[Dataset excerpts]
────────
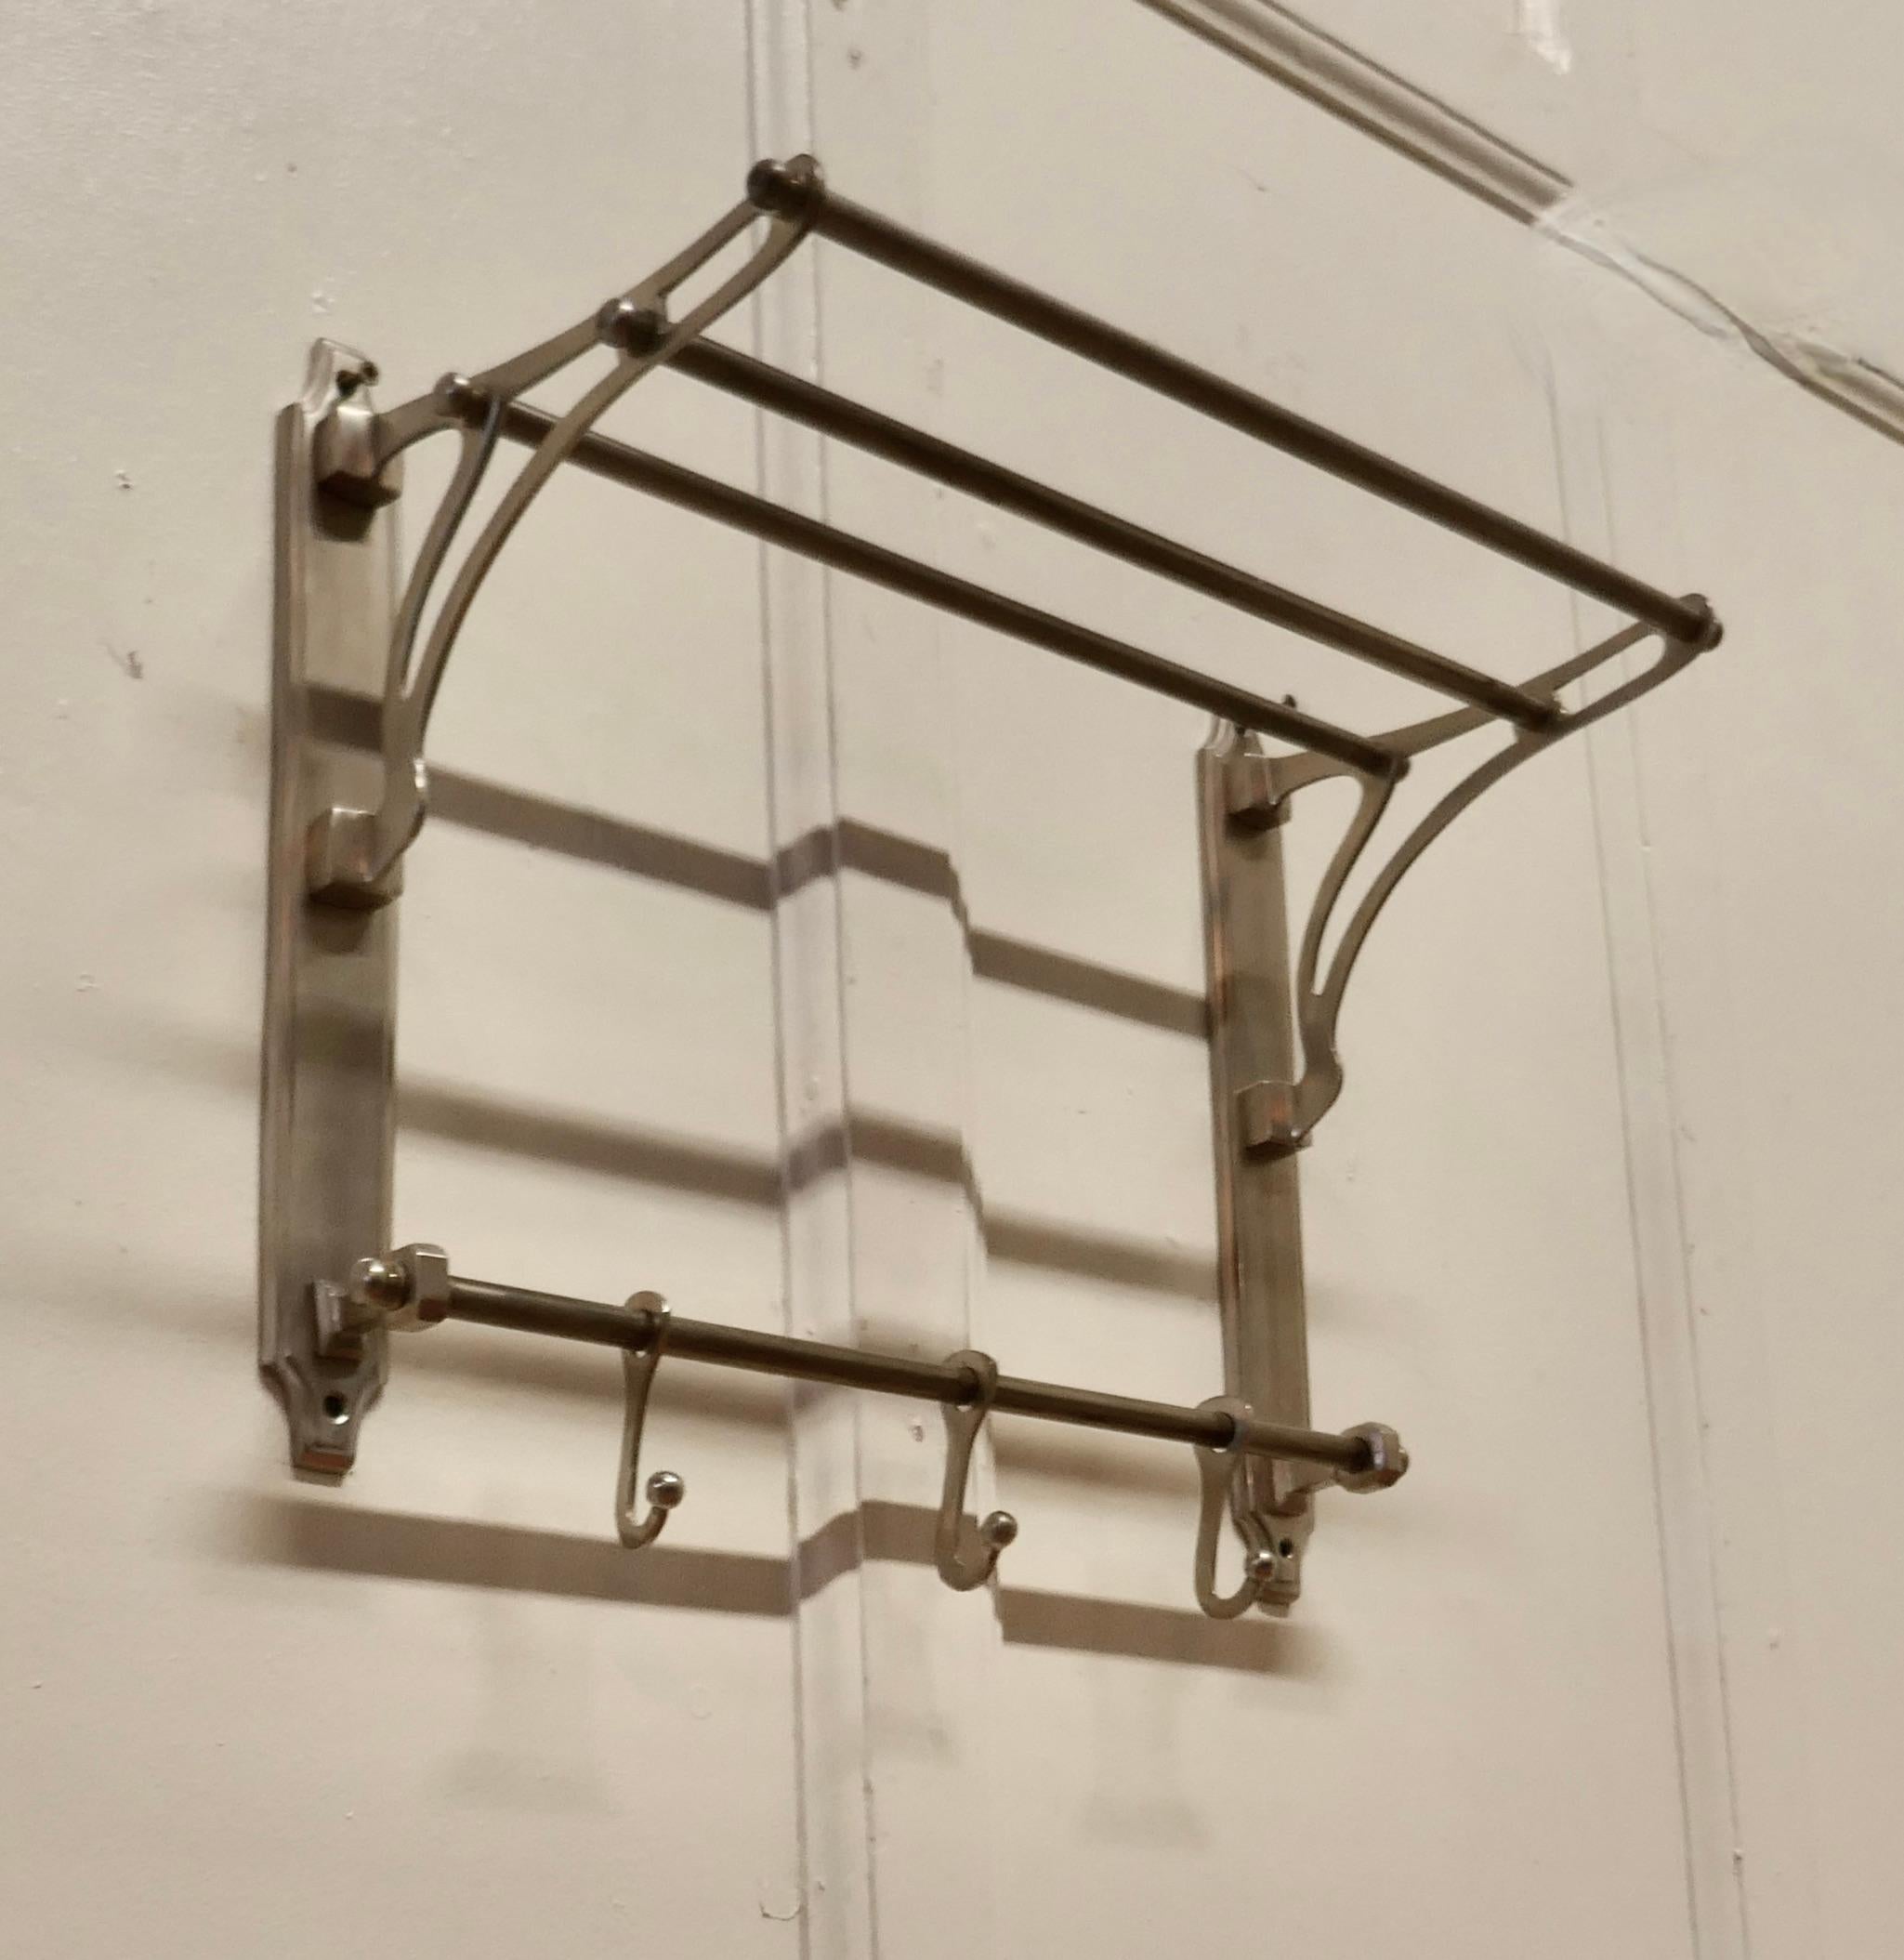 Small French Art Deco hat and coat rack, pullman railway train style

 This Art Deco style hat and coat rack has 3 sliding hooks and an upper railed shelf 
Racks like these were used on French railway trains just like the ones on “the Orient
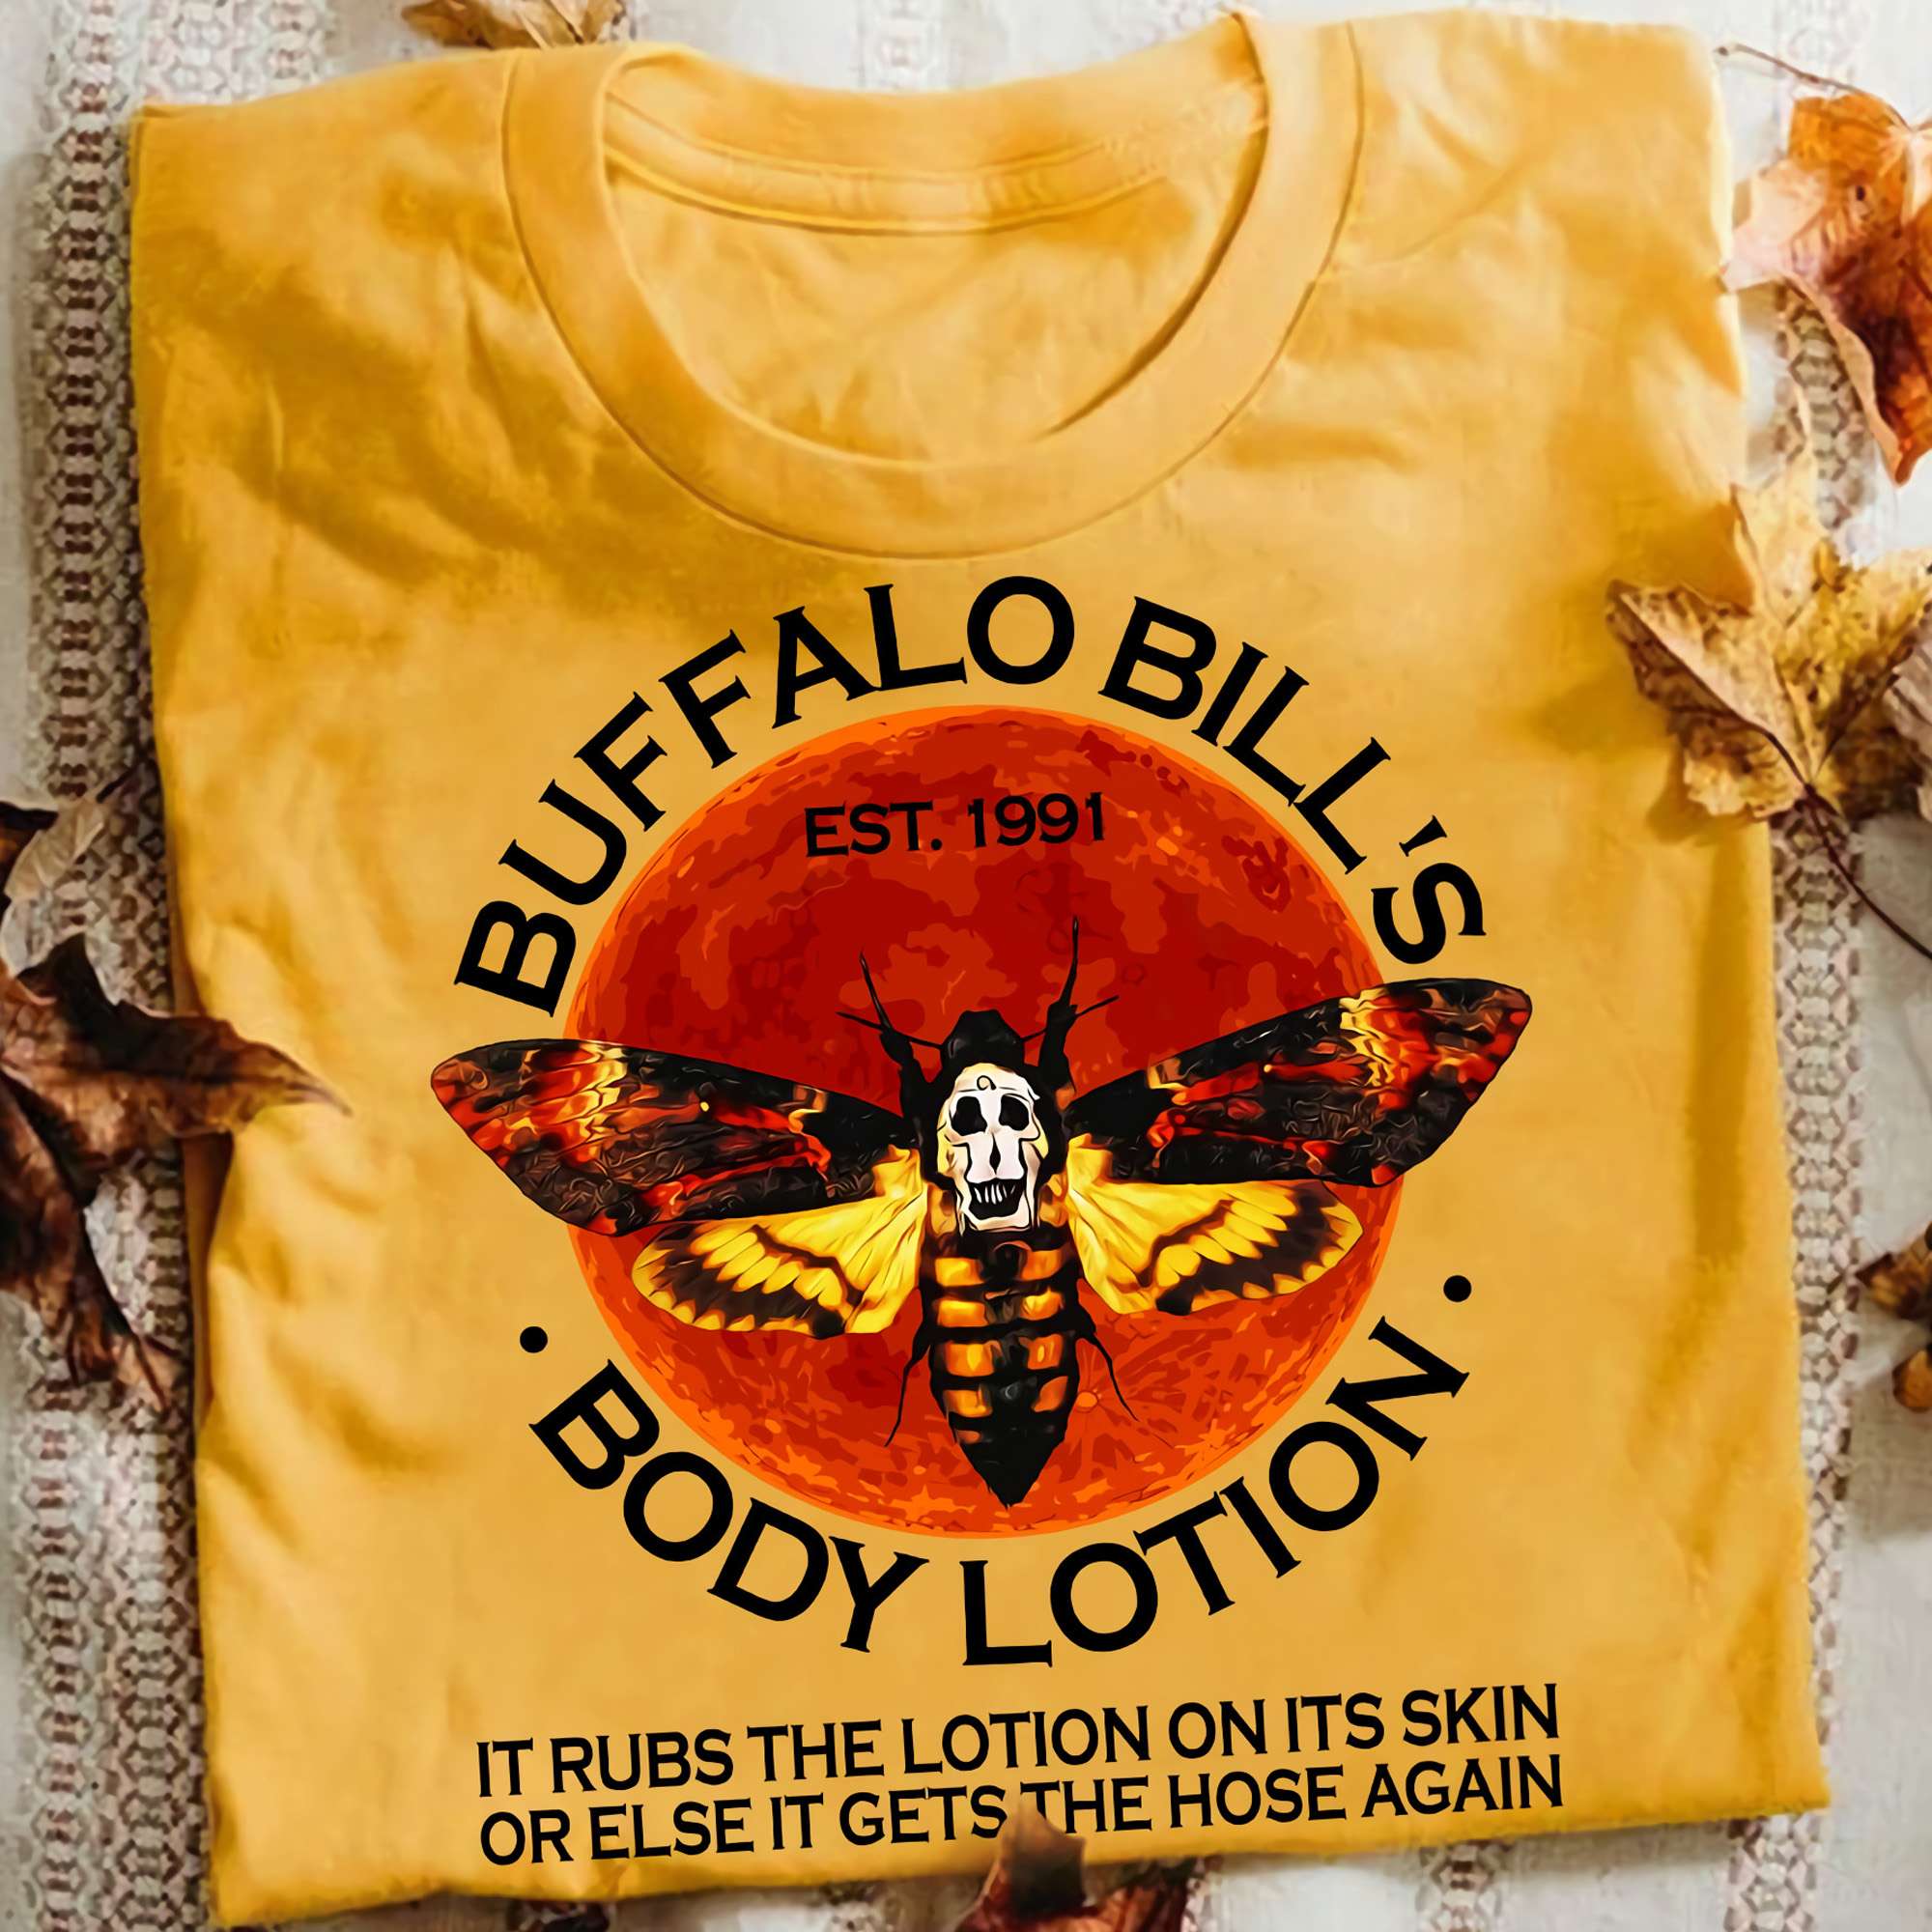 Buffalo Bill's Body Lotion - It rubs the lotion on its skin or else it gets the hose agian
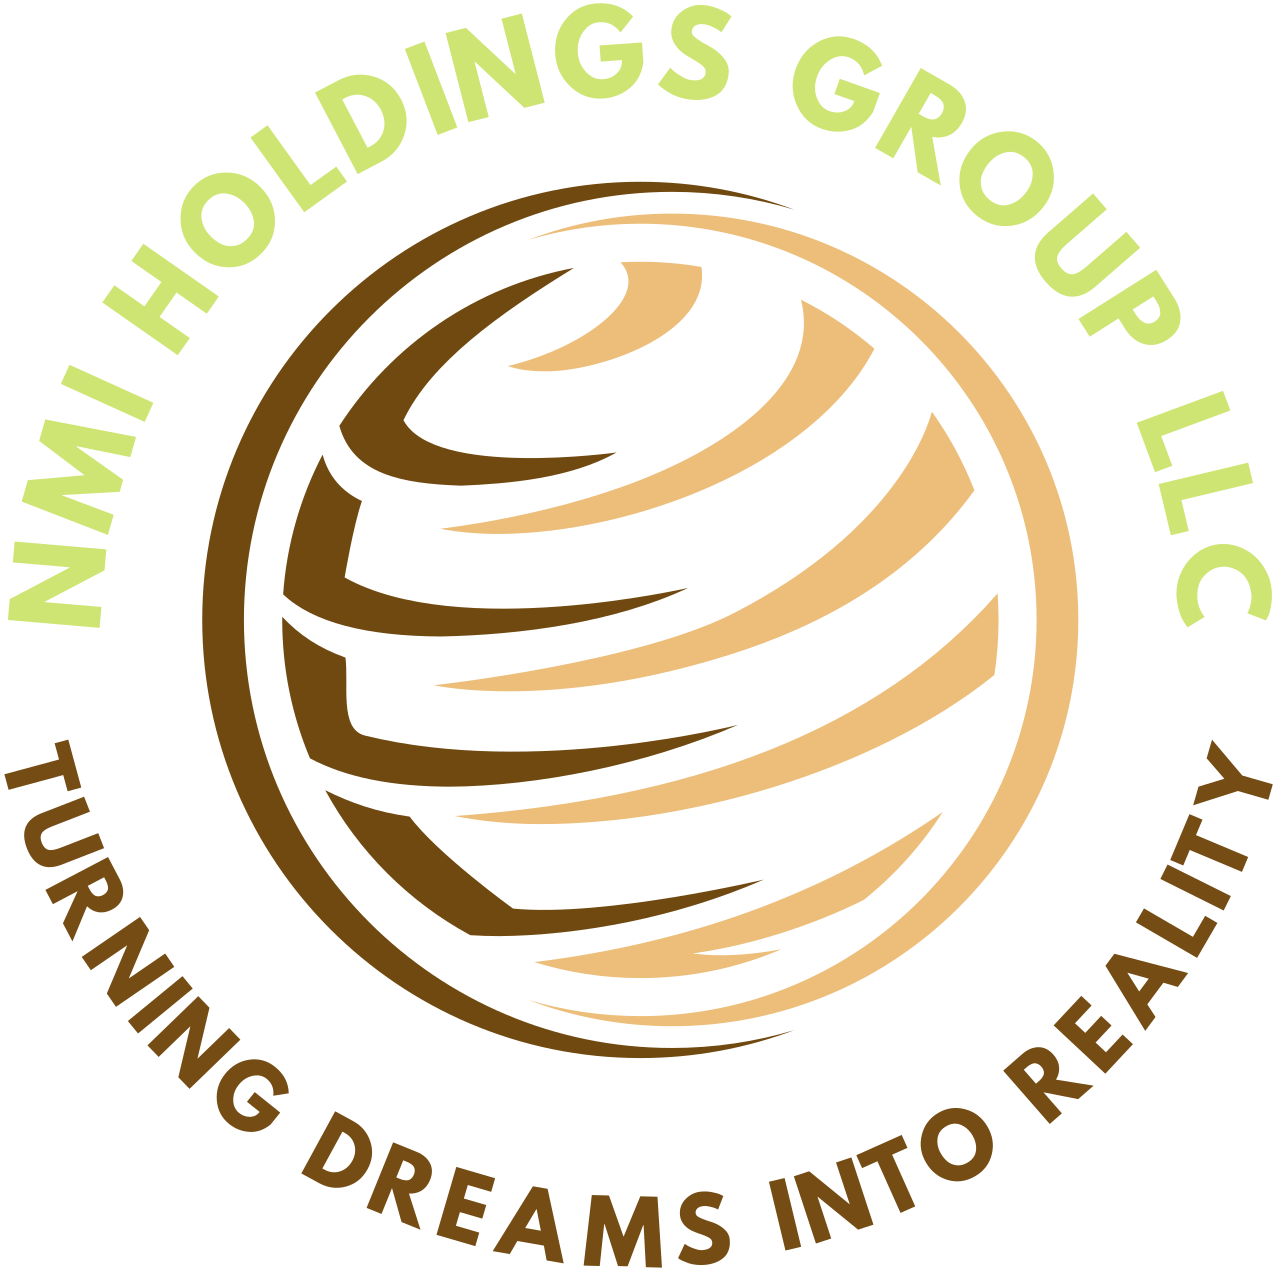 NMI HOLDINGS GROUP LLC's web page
────────
PROBLEM → Please copy the data shown above, line by line and exactly, omitting the images.

PROBLEM SOLUTION →
 Small French Art Deco hat and coat rack, pullman railway train style

 This Art Deco style hat and coat rack has 3 sliding hooks and an upper railed shelf 
Racks like these were used on French railway trains just like the ones on “the Orient
 Buffalo Bill's Body Lotion - It rubs the lotion on its skin or else it gets the hose agian
 NMI HOLDINGS GROUP LLC's web page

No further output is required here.